Last year's election brought with it a wave of new faces to Olympia: 21 new representatives and six new senators. Never mind hazing from upperclassman, these freshman have been slapped around by an unprecedented year as a $5.2 billion shortfall shadows their every move. Still, from Republicans such as Sen. Michael Baumgartner (R-6, Spokane)  to Democrats such as former-rep-now-Senator Sharon Nelson (D-34), the freshman class is loaded with quick studies who've been at at the center of the action.

As we head into finals week, AKA the budget, we decided to check in with the Seattle-area newbies. Here's our first installment.

Rep. Joe Fitzgibbon (D-34, Burien, W. Seattle)

Course Load: Environment Committee; General Government Appropriations & Oversight Committee; Local Government Committee; Transportation Committee

Clique: Environmentalists

Reputation: He's the guy you want to sit next to during the test because he does his homework.

Most likely to become a committee chair before he's 26.

GPA: 3.9 (We're a little biased. PubliCola enthusiastically endorsed Fitzgibbon in the primary and the general. So, he's making us look good.)

[pullquote]"I make sure I don't get on the wrong side of Eileen Cody, but I know I can trust her on important stuff, especially when it comes to taking a vote on a crucial issue."[/pullquote]

Fitzgibbon ran as super green and has lived up to it, voting on the Al Gore side of every transit and environmental bill. We also noticed that he's made a point of signing on to every feminist bill this session—including the pregnancy center bill and a bill to help victims of sex crimes in court. He also passed his own vulnerable users' bill, something that's been bogged down in Olympia for years.

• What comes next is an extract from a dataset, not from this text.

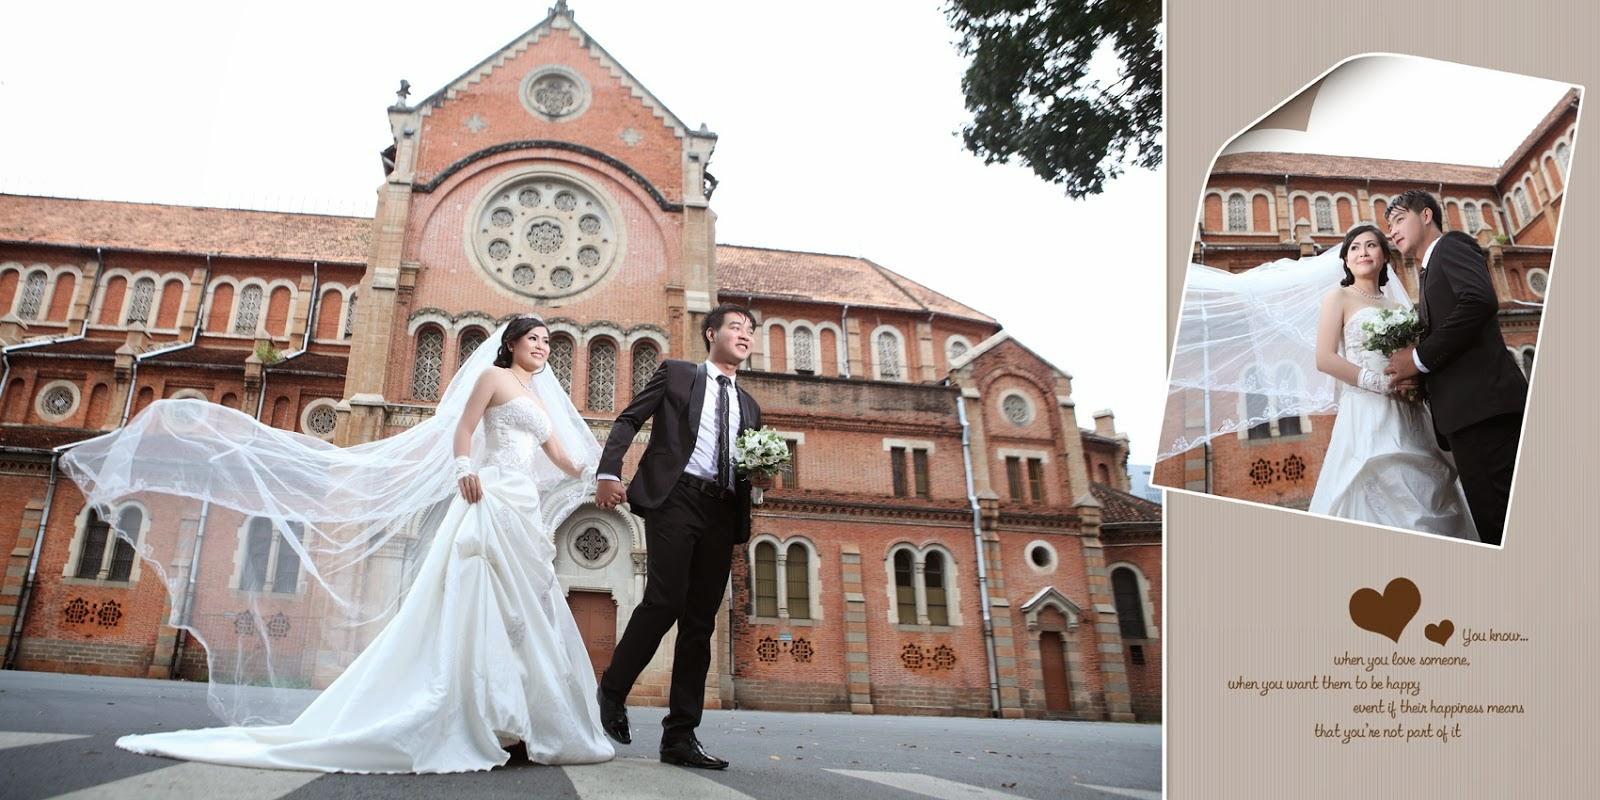 Một số địa điểm chụp ảnh cưới đẹp, giá rẻ ở Sài Gòn

We interviewed Fitzgibbon last week.

What has been your biggest disappointment been this session?
Well, not having seen the operating budget yet—I would probably expect their to be some big disappointment when that comes out. Not counting that, I'm pretty disappointed that at least so far we haven't been able to secure regional mobility grants for two projects that really matter for our district: Metro route 120, which was a highly ranked project, and the Metro RapidRide Line D from Ballard to Downtown. That doesn't affect my district, but will be important as the viaduct comes down.

What is the most important thing you've learned this year?
I think that I've definitely learned how important it is to have bills and issues that are well worked before they come up during the legislative session. There's so much going on during session and the successful [bills] are the ones that stakeholders have spent a lot of time shaping and talking to legislators about.

What has your biggest success been?
Well I'm excited that it looks like we're going to pass the vulnerable users bill into law this year (check plus!), and there's more momentum on another bill that gives cities and counties more control over transportation design decisions.

What homework or issues will you be working on during the off-session to make next year's session more of a success?
One that I'm really working on is the renewable energy initiative, I-937, I'll be looking for ways we can both strengthen the initiative and give utilities more flexibility over their decisions.

Who do have lunch with?
We all have lunch with each other. Most recently, folks from around my caucus, including Andy Billig, Laurie Jinkins, and I often find myself eating with Judy Clibborn [the house transportation chair.)

Who is the scariest or most intimidating upperclassmen?
I make sure I don't get on the wrong side of [his 34th District seatmate] Eileen Cody, but I know I can trust her on important stuff, especially when it comes to taking a vote on a crucial issue.